Back to School for Gifted Children

by L.A. Mood Comics and Games

By Dan Brown

It’s early September, the perfect time for a back-to-school column.

And the subject of this one is schools for gifted children, a recurring trope in pop culture I first came across in the pages of Marvel Comics in the late 1970s.

At these places of learning, the students can be mutants or sorcerers or vampires or weirdos. The private-school setting is the common thread that ties them all together, and it’s a plot device that’s been so widely used, it’s become a narrative crutch that deserves to be parodied.

The most recent example I noticed comes from the Netflix series Wednesday, which dropped last November.

Although I love the Addams Family characters, Wednesday wasn’t really my thing. But my wife convinced me to watch long enough for me realize, “Hey, Nevermore Academy is the latest in a long line of Gothic boarding schools where things aren’t as they seem and perhaps monsters roam the halls!”
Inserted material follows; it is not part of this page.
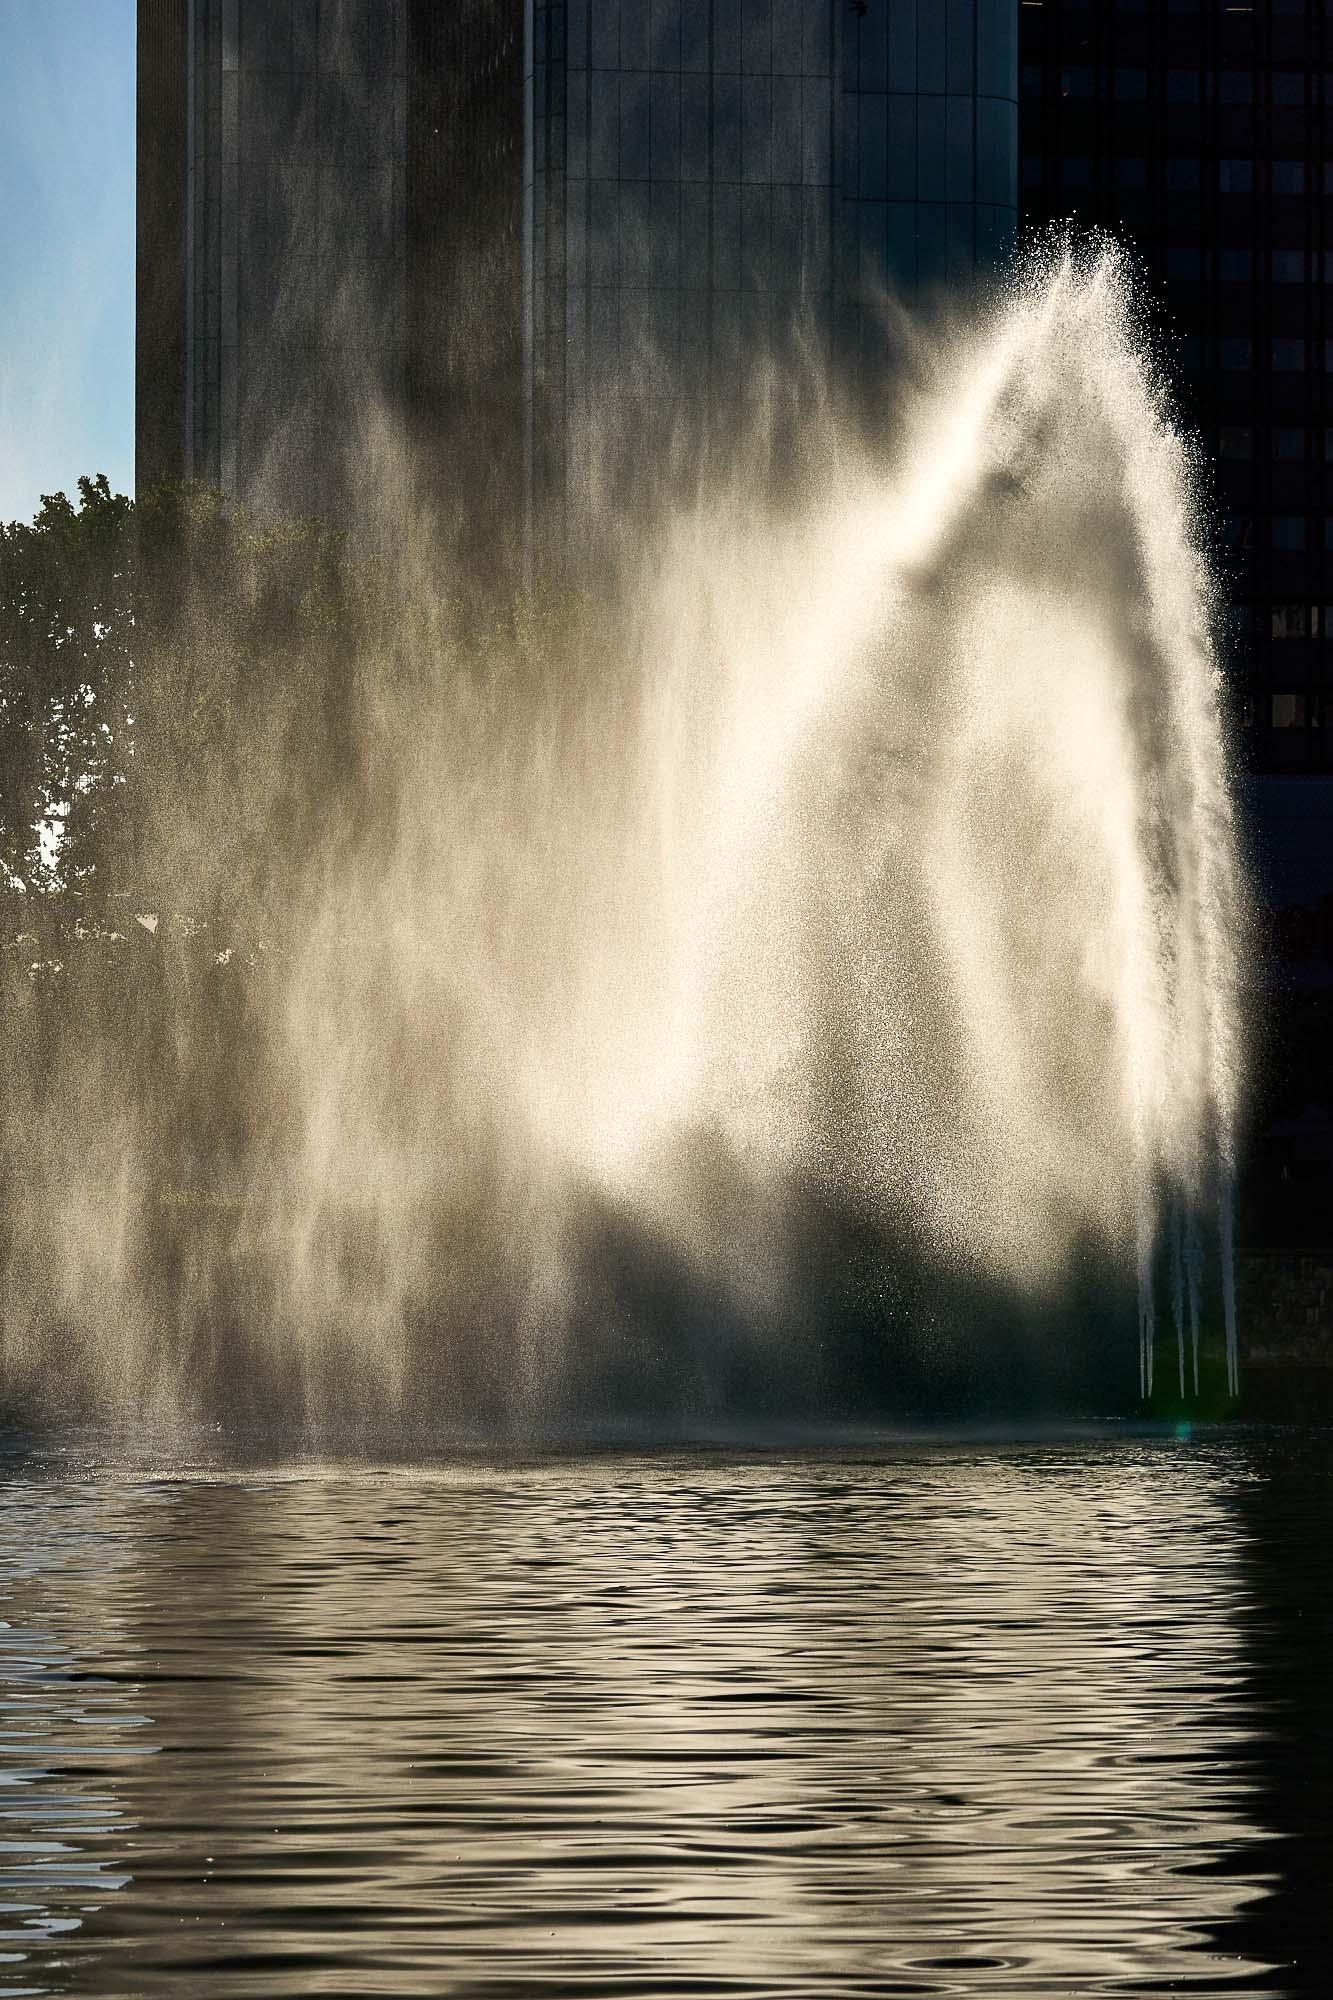 expresskasse / Fontaine im Wind

(Fun fact: The original Addams Family television show was inspired by a single-panel recurring cartoon in The New Yorker magazine.)

The first one of these schools I ever encountered was Professor Xavier’s School for Gifted Children. Maybe you can relate.

I began reading The Uncanny X-Men in the early days of John Byrne’s run on the title as penciller, and I loved the characters so much I eventually worked my way backwards to the debut issue of the irregularly published title.

Back in 1963, Jack Kirby was the first artist to depict this particular school, which was home to Cyclops, Marvel Girl, Angel, Beast, Iceman and, of course, Professor Charles Xavier (you knew he had mind powers because he was bald).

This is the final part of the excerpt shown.